Instructions to follow:
Your reply should reproduce each line below exactly and carry none of the pictures.

Data:

**********

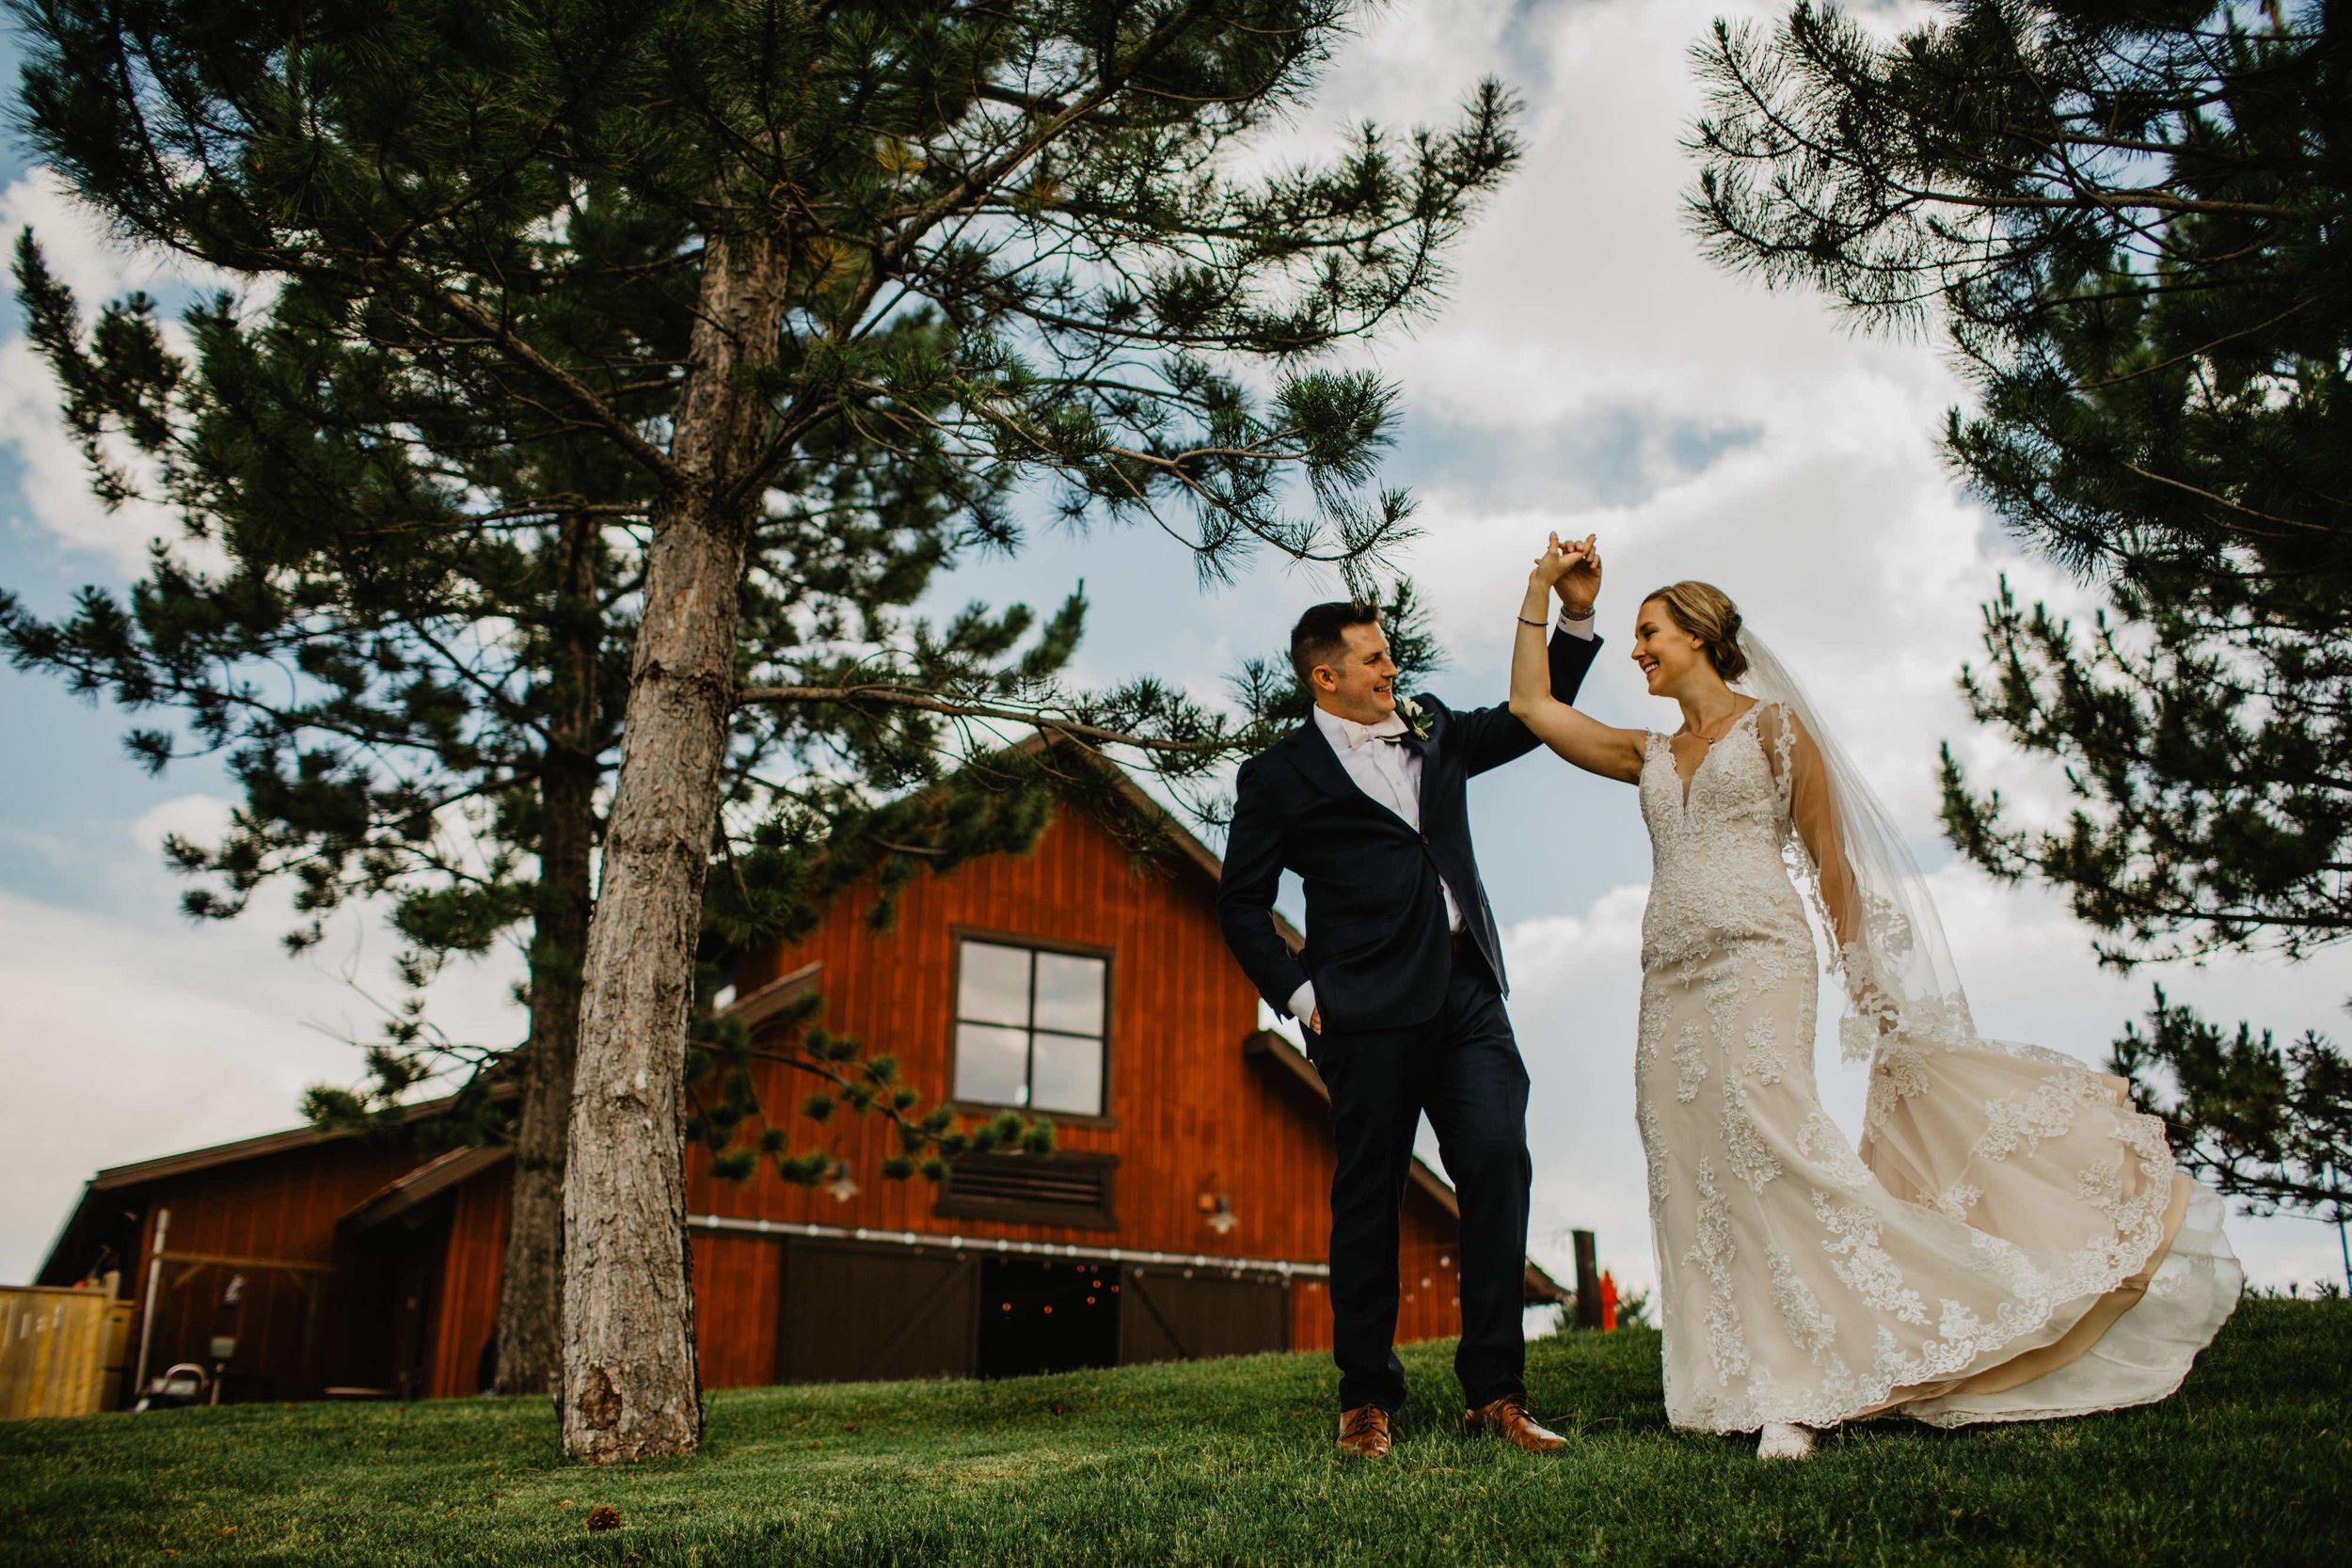 Kisa Conrad Favorites-0021-colorado-wedding-photographer-denver-springs-vail.jpeg
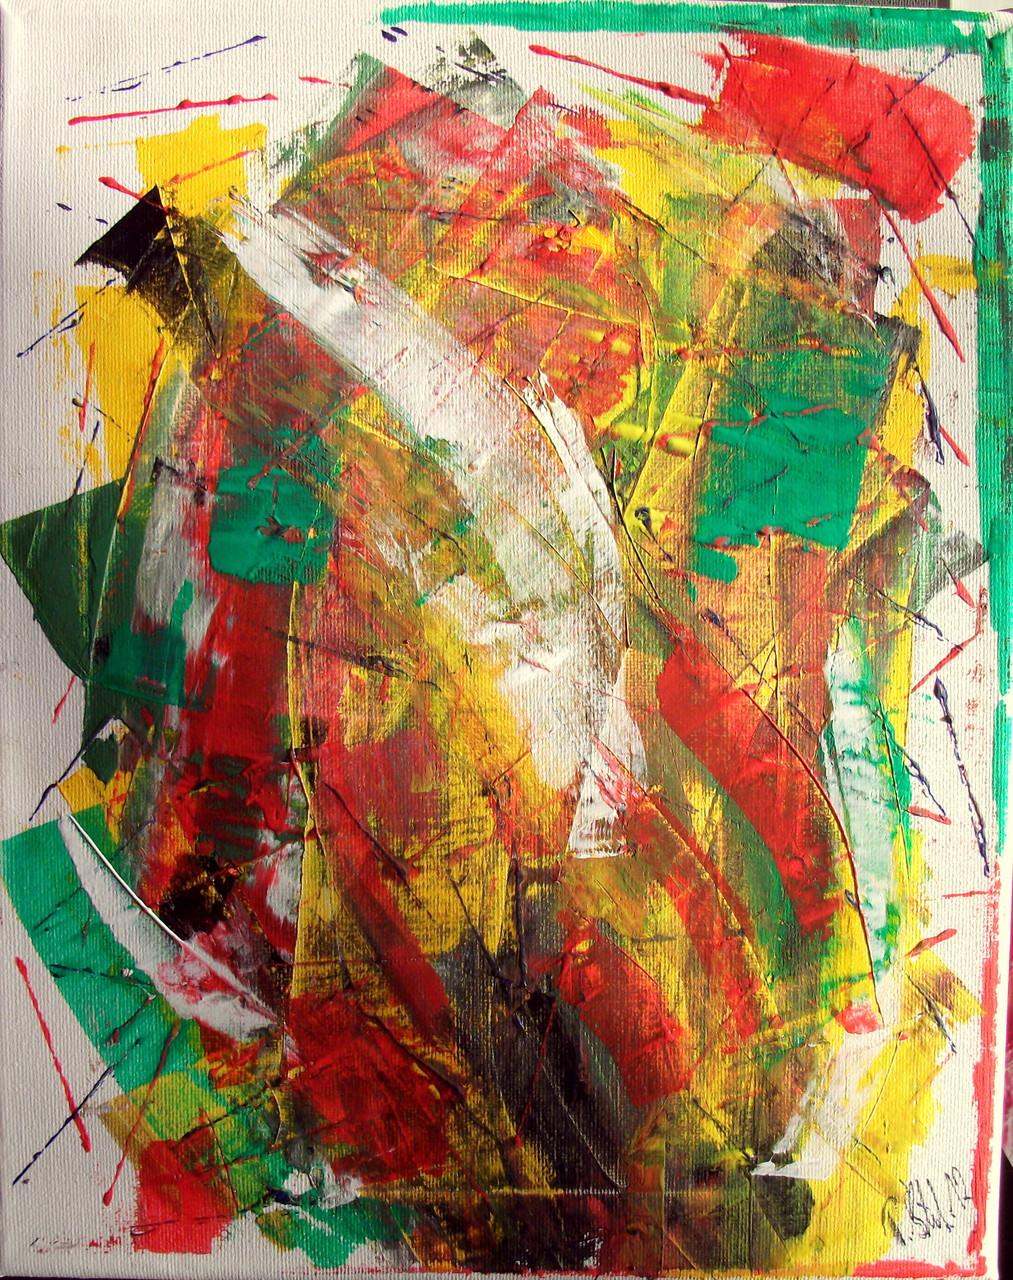 Abstrakte Welten 2 (24 x 30) Acryl auf Leinwand Kaufpreis 30 €uro
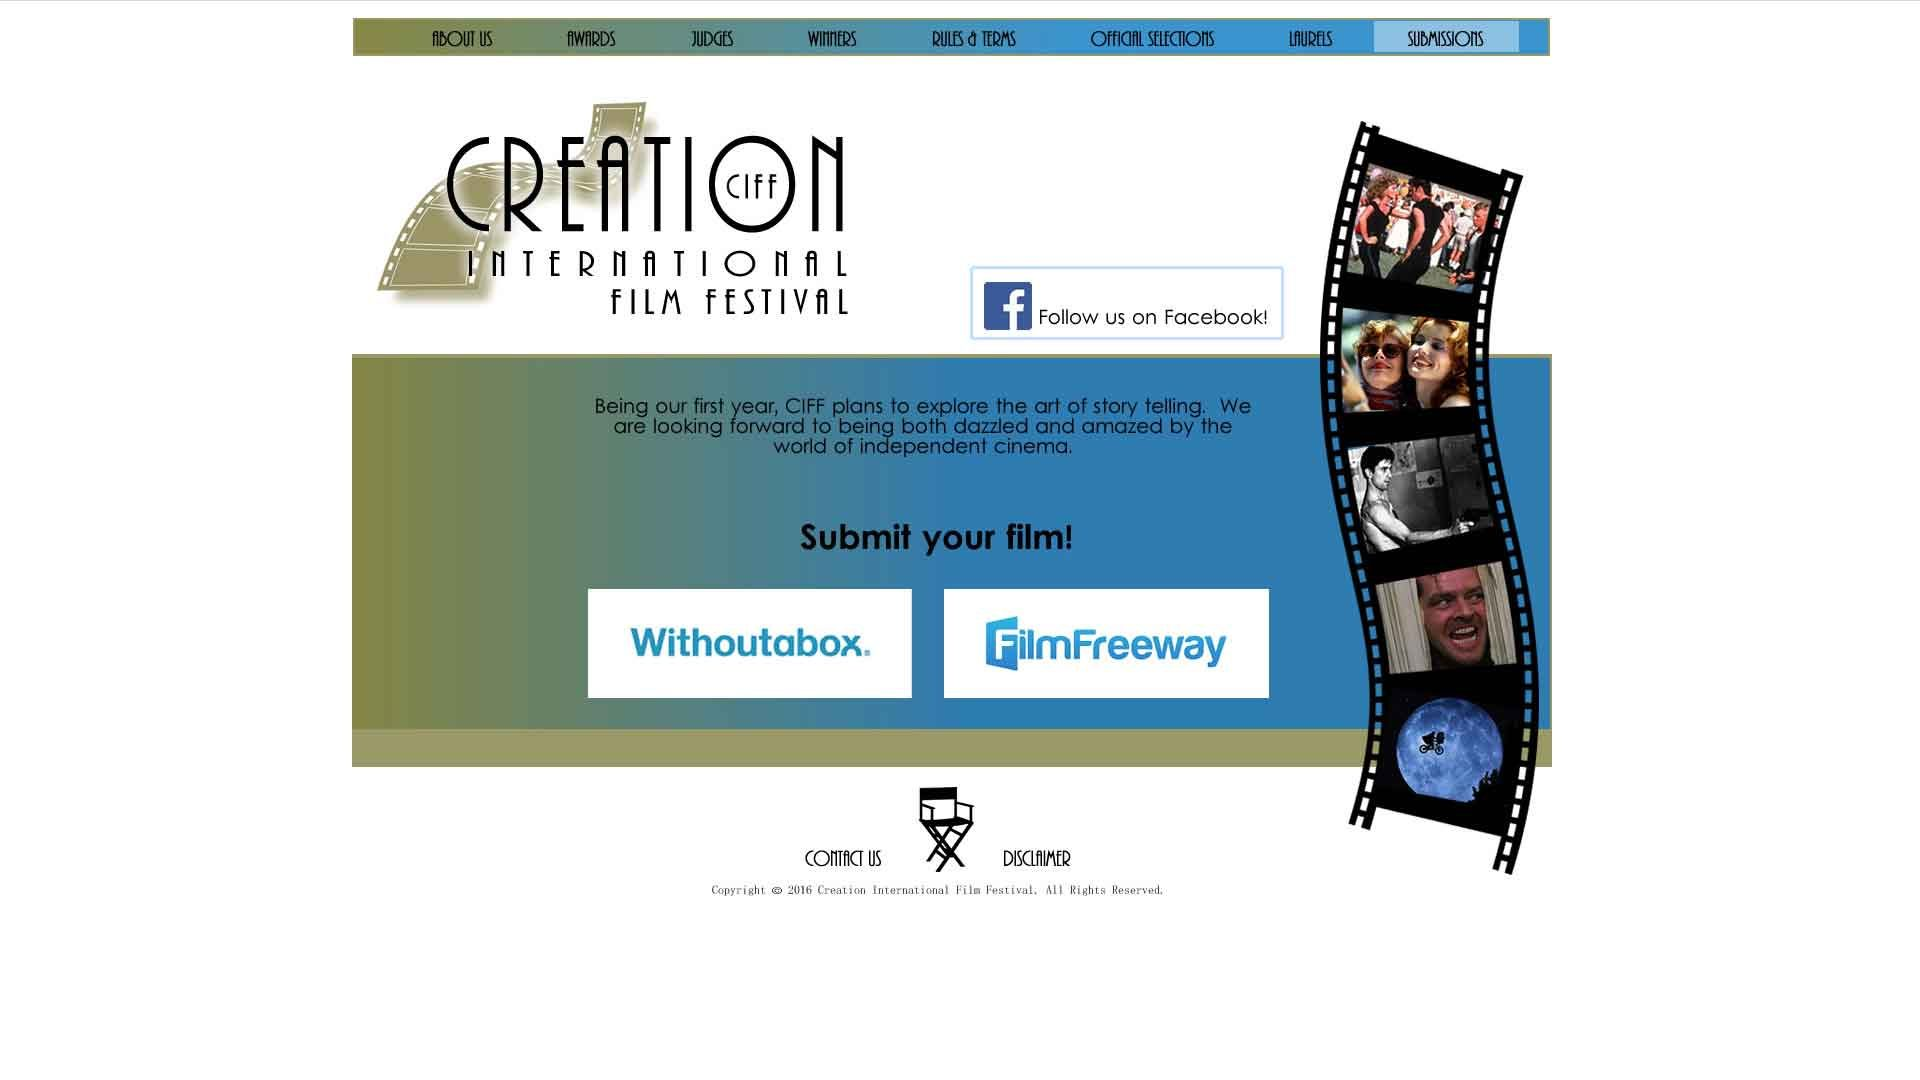 Creation International Film Festival

**********

Exercise solution:
 Kisa Conrad Favorites-0021-colorado-wedding-photographer-denver-springs-vail.jpeg
 Abstrakte Welten 2 (24 x 30) Acryl auf Leinwand Kaufpreis 30 €uro
 Creation International Film Festival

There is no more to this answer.